Single-cell RNA sequencing—or shortly scRNA-seq—is an approach that lets researchers to study the gene expression in an individual cell within a mixed population—the way how all cells live virtually in the tissues of the body.
Close-up of the microfluidics enabling deterministic co-encapsulation of single cells at outstanding efficiencies. Image Credit: Joern Pezoldt (EPFL)
Part of a bigger family of “single-cell sequencing” methods, scRNA-seq includes acquiring the RNA of a single cell and, further multiple molecular conversion reactions, thereby sequencing it. As RNA is the transitional step from gene (DNA) to protein, it offers an indication about which genes in that specific cell are active and inactive.
As scRNA-seq acquired all genes activities in the cell genome—thousands of genes at the same time—it has become the classic standard for outlining phenotypes and cell states. This data type can show rare cell kinds inside a cell population, even those which were never been witnessed before.
Cost and efficiency
However, scRNA-seq is not just limited, as a tool for basic cell biology. It has been extensively adopted in pharmacological and medical research because it is able to identify which cells are dividing in a tissue actively, or which cells are responding to a specific drug or therapy.
These single-cell approaches have transformed our ability to resolve cellular properties across systems. The problem is that they are currently tailored toward large cell inputs.”
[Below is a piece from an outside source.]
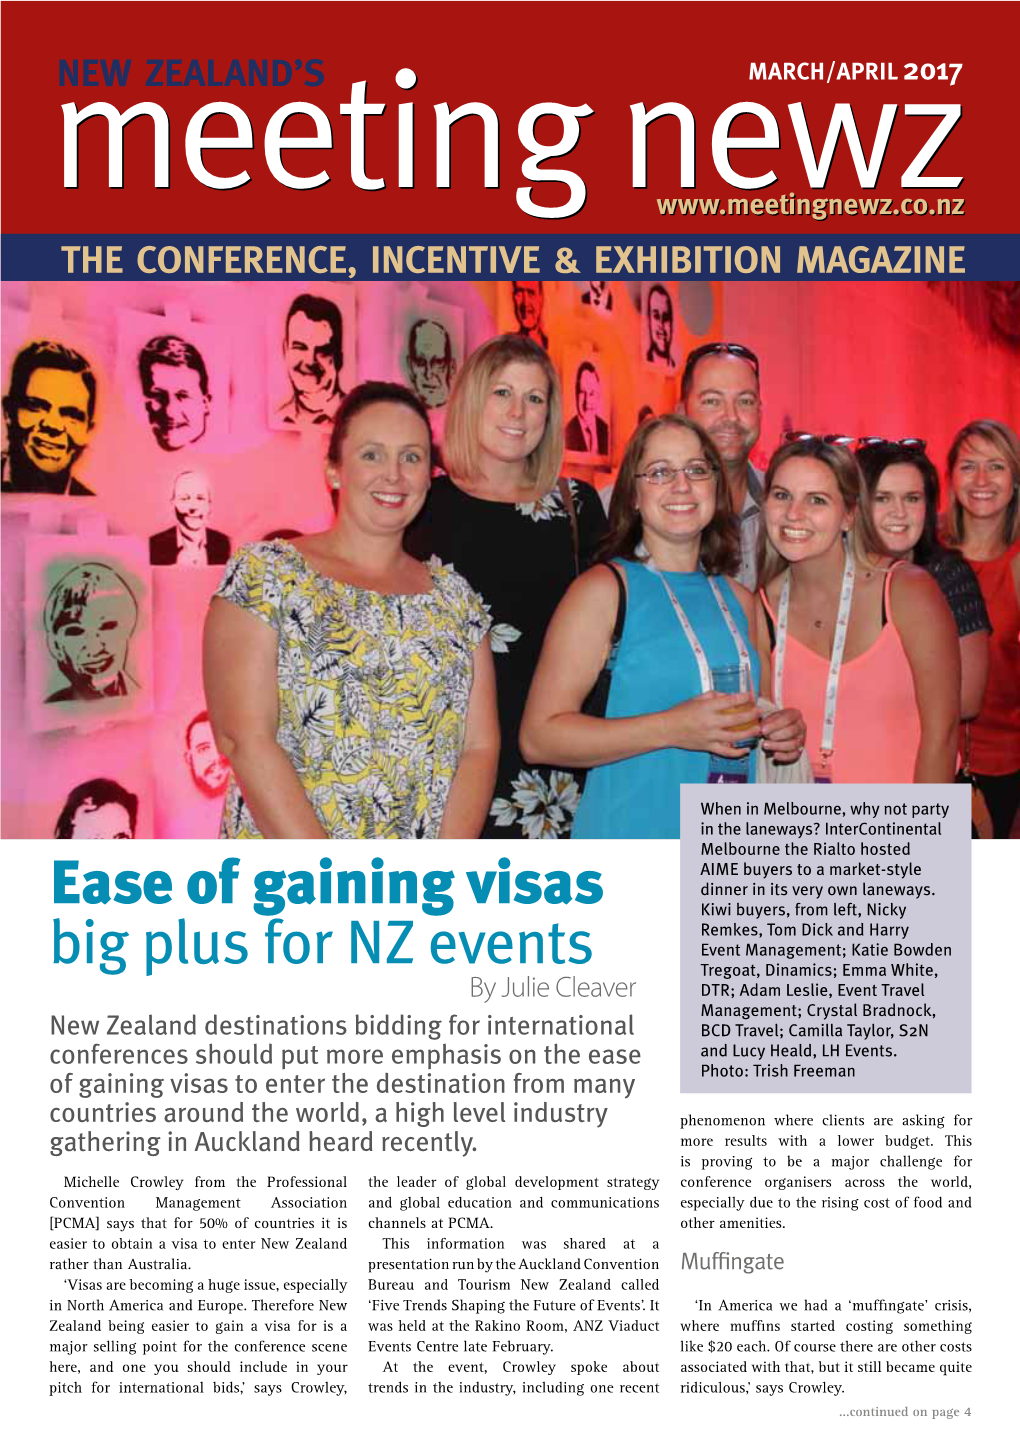 Ease of Gaining Visas Big Plus for NZ Events

Bart Deplancke, Professor, School of Life Sciences, École Polytechnique Fédérale de Lausanne
As scRNA-seq methods need more than a thousand cells for a significant measurement, this is not a trivial issue.
This renders them inefficient and costly when processing small, individual samples such as small tissues or patient biopsies, which tends to be resolved by loading bulk samples, yielding confounded mosaic cell population read-outs.”
Dr Johannes Bues, Researcher, École Polytechnique Fédérale de Lausanne
Dr Bues is a researcher in Deplancke’s Group.
The DisCo solution
Now, Bues, with Marjan Biočanin and Joern Pezoldt, has developed a new approach that enables scRNA-seq to effectively process samples that have fewer cells. The method is named “DisCo” for “deterministic, mRNA-capture bead and cellco-encapsulation dropleting system.” The study was published in the journal Nature Methods.
DisCo employs machine-vision to actively identify cells and acquire them in droplets of beads and oil, unlike conventional single-cell methods that depend on passive cell capture. This method enables for continuous operation and, as well as, renders scaling and serial processing of cell samples—thereby being highly cost efficient.
As demonstrated in the study, DisCo exhibits accurate particle and cell positioning, and manages droplet sorting using combined multilayer and machine-vision microfluidics. These allow for processing of low-input single cell suspensions continuously at great capture efficiency of more than 70% at speeds that can reach 350 cells for an hour.
To showcase DisCo’s unique capabilities further, the scientists experimented it on the tiny chemosensory organs of the fruit fly Drosophila, and also on individual intestinal crypts and organoids. The latter are small tissues cultivated in culture dishes that closely resembles actual organs—a field that EPFL has been spearheading for several years.
The team employed DisCo to examine individual intestinal organoids at various developmental phases. By identifying several different organoid subtypes of which some was never been detected earlier, the technique presented a fascinating picture of heterogeneity in the organoids.
Our work demonstrates the unique ability of DisCo to provide high-resolution snapshots of cellular heterogeneity in small, individual tissues.”
Bart Deplancke, Professor, School of Life Sciences, École Polytechnique Fédérale de Lausanne
Source:
Journal reference:
Bues, J., et al. (2022) Deterministic scRNA-seq captures variation in intestinal crypt and organoid composition. Nature Methods. doi.org/10.1038/s41592-021-01391-1.